After a decade in practice, even with all that I have learned, my life as a solopreneur web creative isn’t always easy. I still make mistakes (sometimes :), and I still get creative block. Yet each new day brings opportunities that I would never imagined when I was beginning my journey as a Unicorn.

Women in Tech

Tech is known to be a male dominant industry. At some point, boys in hoodies became emblematic of the tech development world.

Several years ago, I recall seeing an article in a major tech lifestyle magazine about women in tech. I was so excited to read the article -which featured a strong and happy, smartly dressed looking woman on the front cover – and when I flipped it open to read the article, the art director had actually Photoshopped the women interviewed into identical grey hoodies a la Mark Zuckerburg. I was angry and confused. Were they saying to assume the culture of the boys in tech if we wanted to fit in?

This began my interest in learning about how women and their creative technical work is perceived by the world at large, by our peers, and more importantly, how we perceive ourselves.

A recent study has shown that GIT pull requests that were made by female identified account holders had a higher acceptance rate than that of their male identified counterparts. Sadly, the acceptance rate is significantly lower if the user’s gender as a female is revealed (www.digitaltrends.com).

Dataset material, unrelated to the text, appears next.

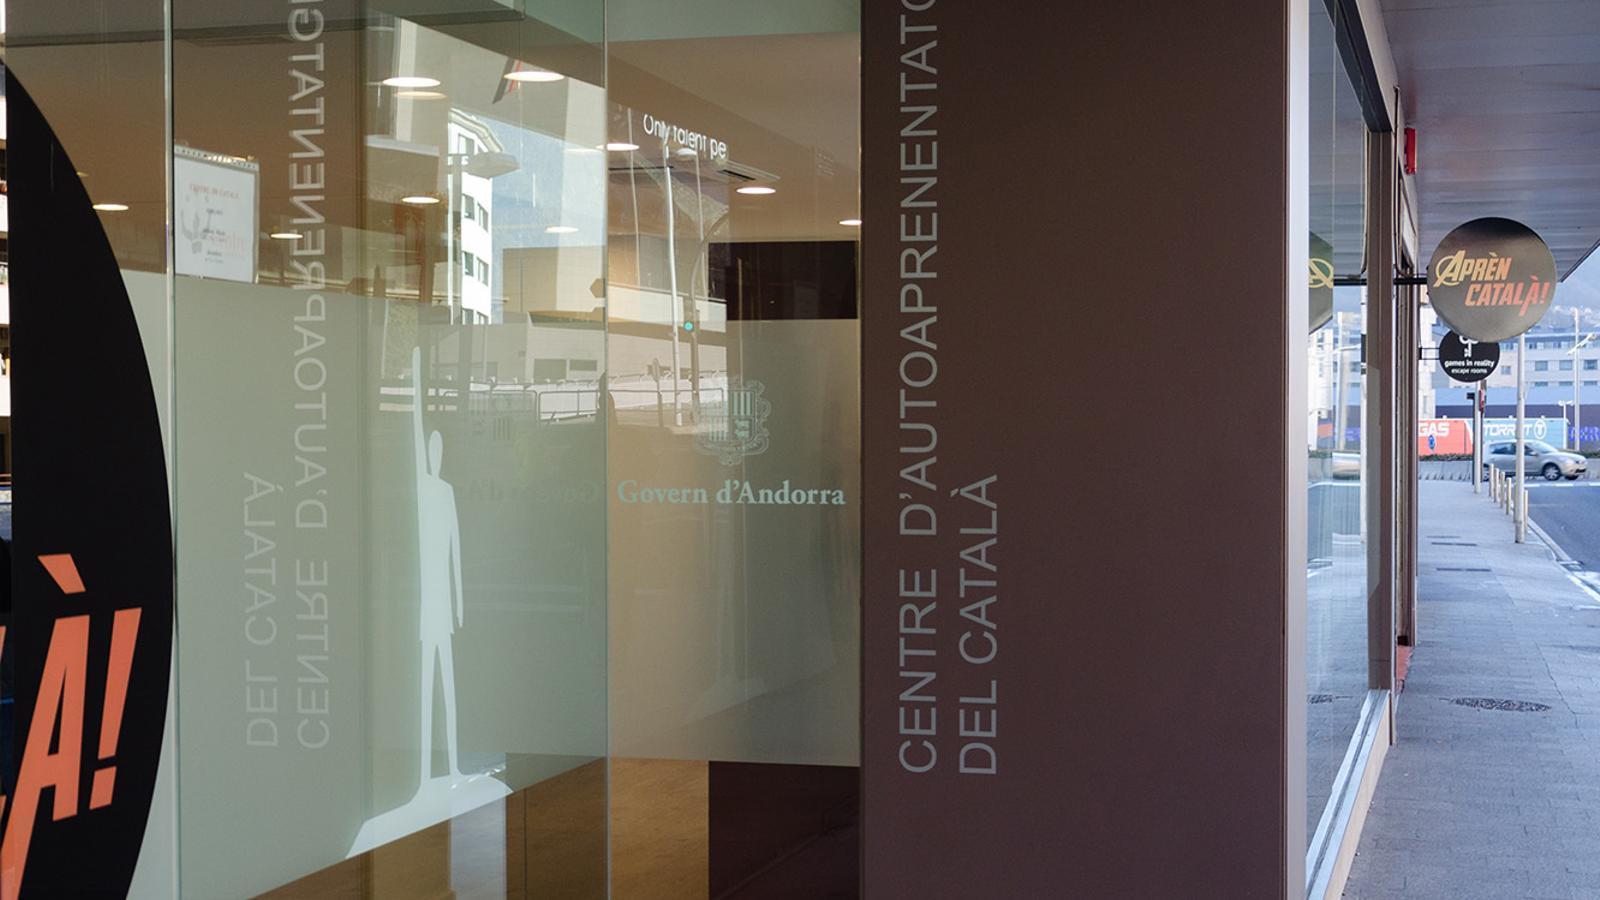 El Centre de català d'Escaldes-Engordany romandrà obert per Setmana Santa. / ARXIU ANA

I also learned that only 20% of Google’s technical staff identify as female (fortune.com). And yet, as it turns out, much of what we do online today would not be possible without the work of women who were early, key pioneers of technology.

A Vision of the Future

Have you ever heard of Ada Lovelace? Ada was the daughter of the late great British poet Lord Byron. She also happened to envision the modern computer…at the age of 17…in the late 1800’s.

According to Walter Isaacson in his new book, How a Group of Hackers, Geniuses and Greeks Created the Digital Revolution, Ada wrote about a machine that could display “Words, pictures and music, not just numbers”, a machine capable of “programming Bernoulli numbers”. Ada “saw” the world’s first computer and understood it’s capabilities years before it would become a reality. She was a visionary, ahead of her time, as visionaries often are. She’s also largely unknown to people in the tech industry today.

This piqued my curiosity about the role of women in the history of modern technology. As it turns out, this history is fascinating and all too forgotten.

The World’s First Programmers

During WWII, an advertisement for a new machine job caught the eye of Jean Jennings Bartik. Bartik took the position working on the ENIAC, a general purpose computer. Bartik became one of six female mathematicians working on ENIAC. These women were the original programmers for one of the world’s first computers. According to Isaacson, women were considered a better fit for the job while male staff focused on hardware development. Many women of the time had math skills which were often used in teaching careers.

These women were responsible for the first day this system was up and running, yet were never credited in the publicity pictures of the era. What’s worse, these women did not know about the work of Ada Lovelace that paved the way for their own work.

The Decline of Women in Tech

In the 70’s and 80’s, women majoring in computer science began a dramatic decline from 40% to only 17% of women in technical programs today. Theories abound as to why the number of women in tech took a sharp decrease even as personal computing became more common place, but the growing and hard to ignore presence of both Bill Gates and Steve Jobs may have been a critical factor at a critical time. www.npr.org

I still don’t know nearly as many female web developers as I do male devs, and that’s part of why I’m writing today. I know even fewer web developers who also love to design and vice versa. That’s another part of it.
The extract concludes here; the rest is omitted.